Orozco Academy Local School Council chair and parent Erica Montenegro said concerns over a class size of at least 36 students remain at the Lower West Side bilingual gifted school as a result of a “significant” loss of funds. “What’s been communicated to the public is one thing, but what we’re feeling and the actual budget, and as a consequence within our programming and the number of teachers that we’re able to have, is another,” she said.

At the Board of Education meeting Thursday, parents from two dual-language magnet schools said each school has seen multiple teaching positions cut. Students who travel from across the city to attend Sabin Dual Language Magnet School and LaSalle Language Academy are often economically disadvantaged, members of each school community said. And with an ongoing influx of migrant students, enrollment at Sabin is up by more than 100 students from last year, said parent and Local School Council chair Cheryl Conner.

Of eight dual language teachers at LaSalle, parent Joanna Evans said seven positions, 88%, have been cut. “To me, 88% is disproportionate,” she said. In striving to increase equity, CPS’ funding model has “shortchanged” some students, said LaSalle teacher Doris Torres. “The formula is supposed to bring about equitable change…however, equity is not achieved by taking from one unprivileged student to another,” she said.

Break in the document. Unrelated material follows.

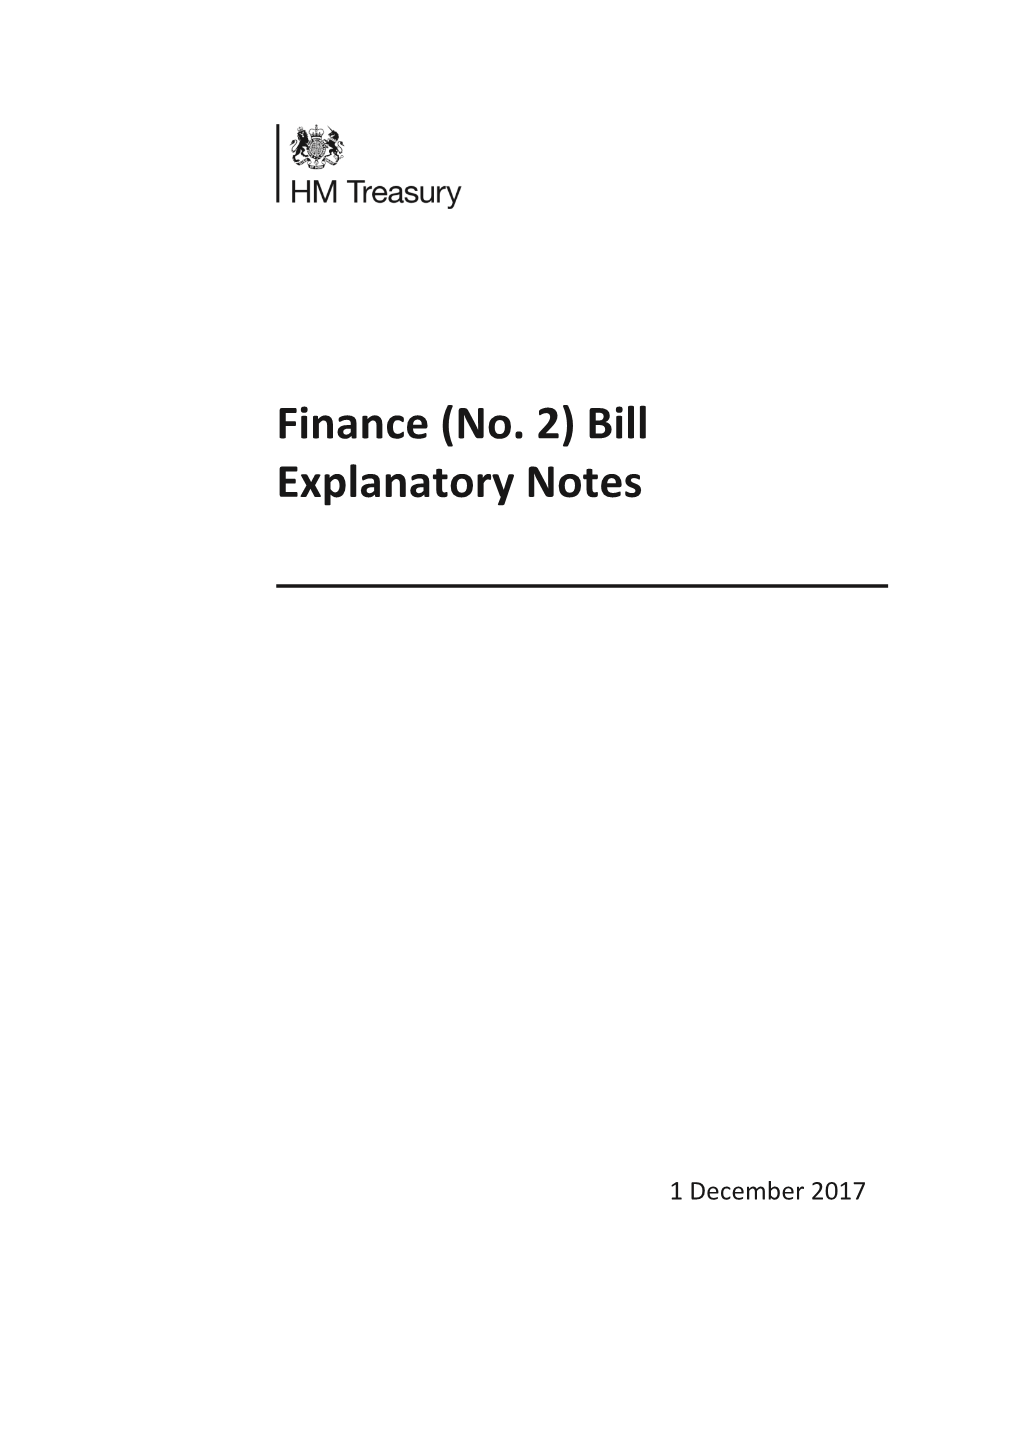 Finance Bill 2017-18 Explanatory Notes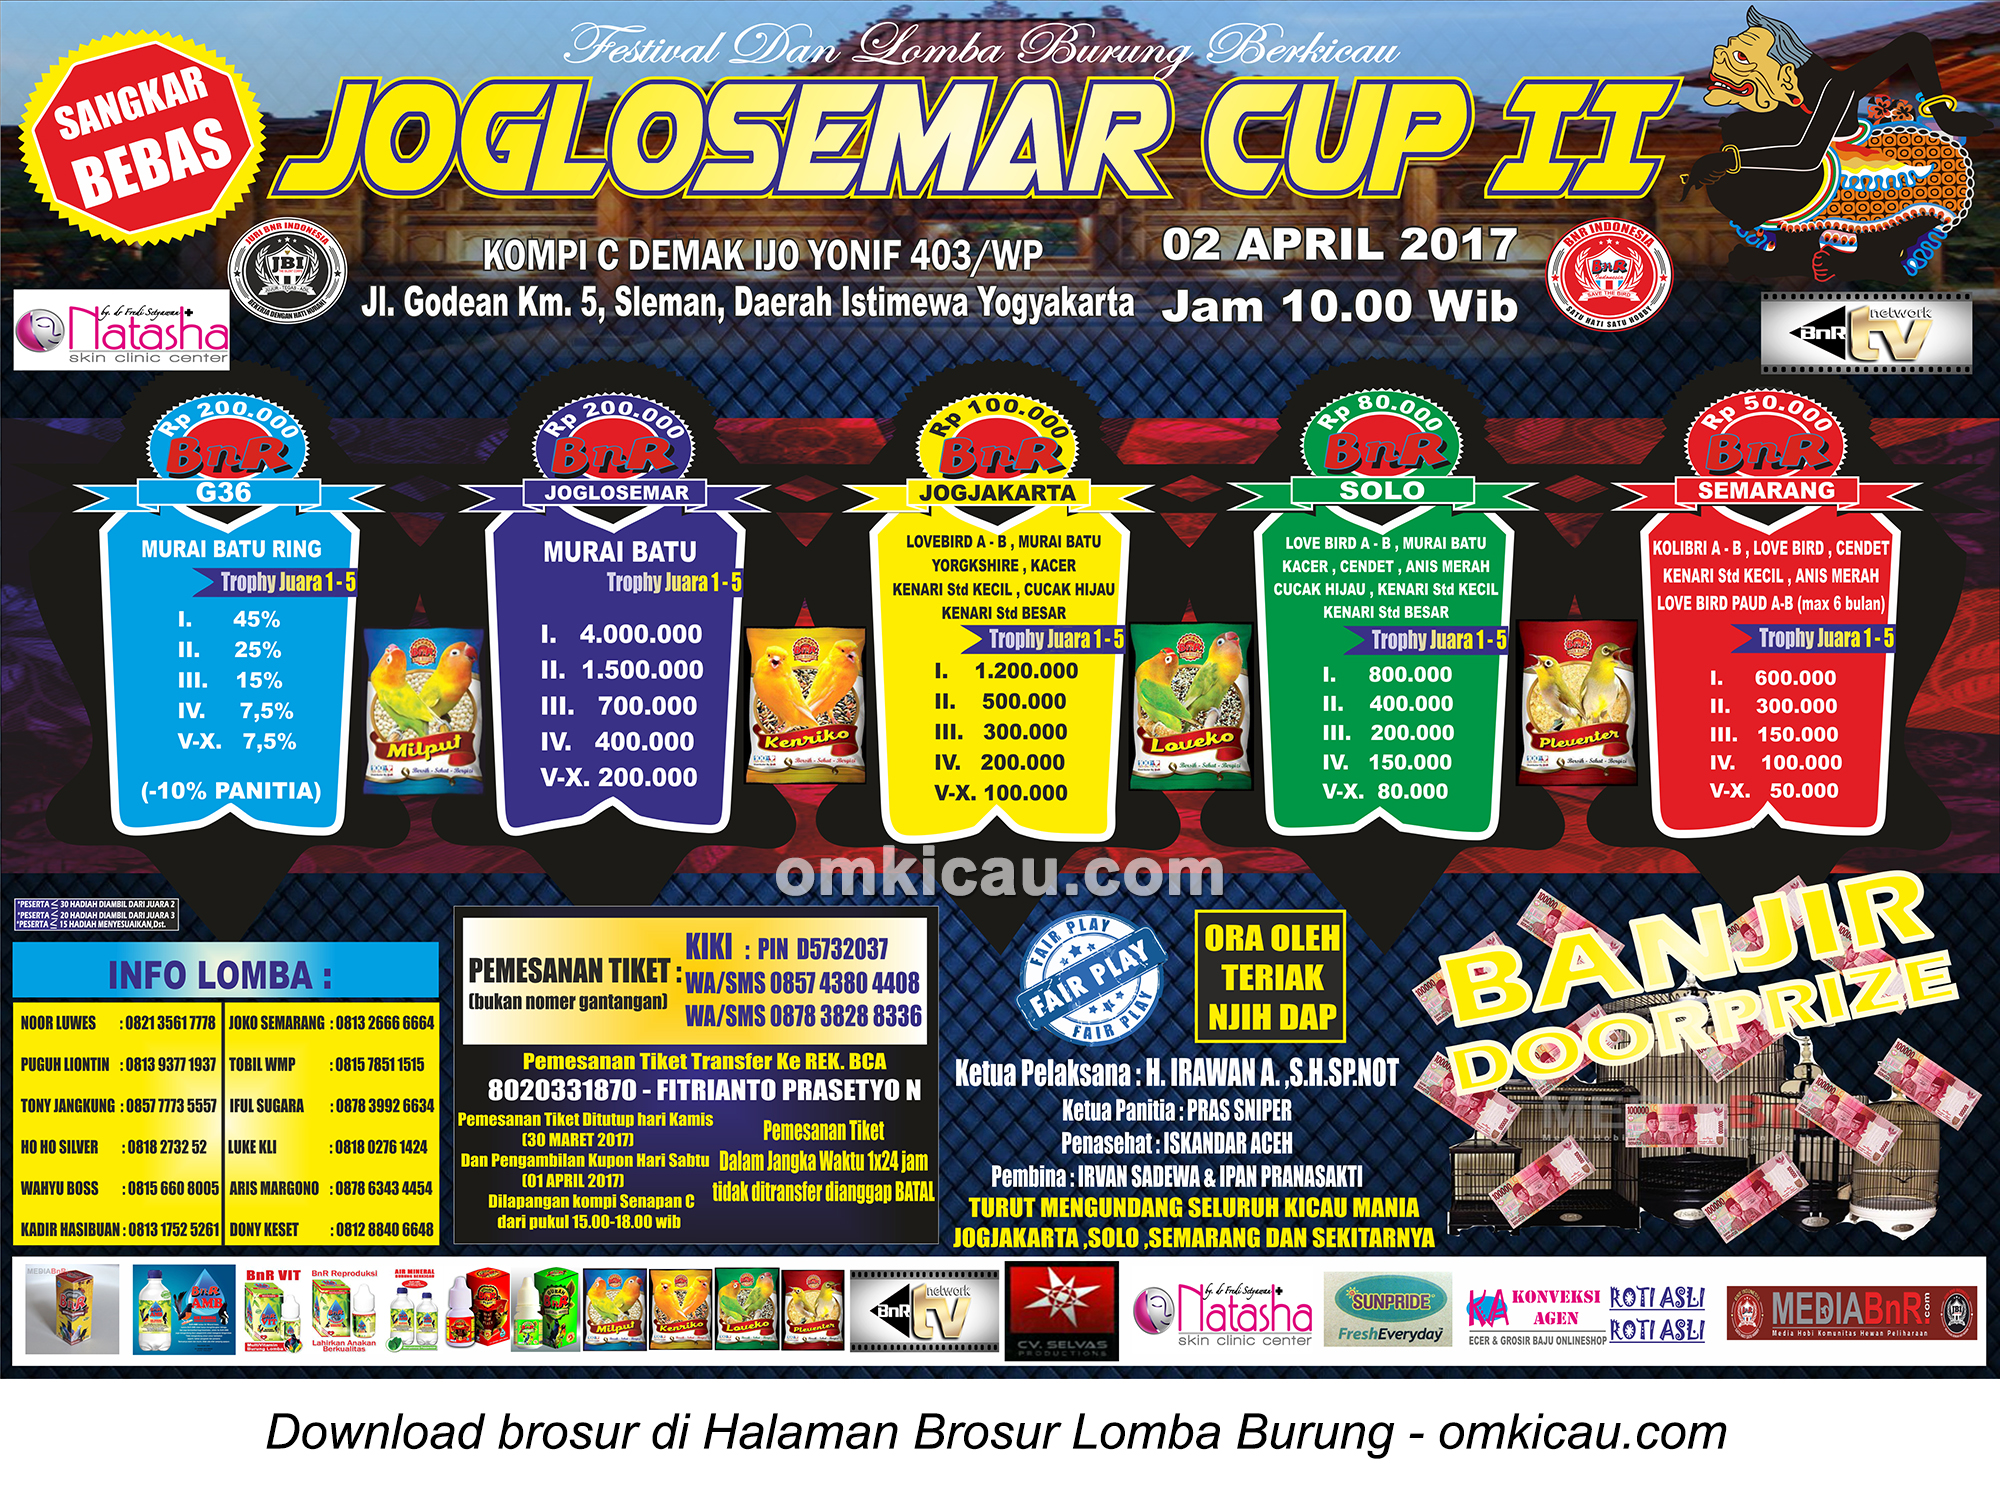 Brosur Lomba Burung Berkicau Joglosemar Cup II, Jogja, 2 April 2017

In a district press release Tuesday, two principals voiced support for CPS’ new model. At Charles H. Wacker Elementary, Principal Kathy Panagakis wrote that as a result of the new model, she’ll have enough teachers to fully staff each grade level for the first time this year and won’t be required to spend discretionary funds to provide art, music and foreign language programs. “Small neighborhood schools finally feel seen and heard after a long period of facing constrained budgets that compromised their financial ability to meet all of their students’ needs,” Panagakis said in the release.

“This is an intentional effort to start at ground zero and provide a universal set of resources for all schools,” wrote Cardenas Elementary Principal Jeremy Feiwell, whom CPS said is experiencing a discretionary funding decrease this year.

“Some school budgets will get tighter next year,” Martinez said at the Tuesday briefing. “It’s worth reminding everyone that our district is not fully funded by the state,” he added.

With federal COVID-19 relief funds that buoyed the district in recent years expiring in September, the district, Johnson and CTU have argued the state should fulfill the promise of a 2017 state law, known as Evidence-Based Funding or EBF, which pledged to provide all public schools enough state funding by 2027 to implement proven best practices, such as class sizes associated with the best academic outcomes by grade level.

But the state spending plan approved by the Illinois Senate over the weekend includes only the minimum annual statewide K-12 funding increase of $350 million mandated by the 2017 reform. At that rate, the state won’t achieve adequate funding for all schools for another decade, according to the Center for Tax and Budget Accountability, a nonpartisan, nonprofit think tank.

CPS currently receives around 80% of the total funding that the state’s formula determines is needed, resulting in an approximately $1.1 billion gap, according to Illinois State Board of Education data.

“I’m disappointed that we’re not seeing enough funding to meet the growing needs that we have in our district. This is something that’s not going away,” Martinez said Tuesday.

The district will post its entire budget online June 12, ahead of a Board of Education vote on its approval later that month. The CPS total budget last year was $9.4 billion.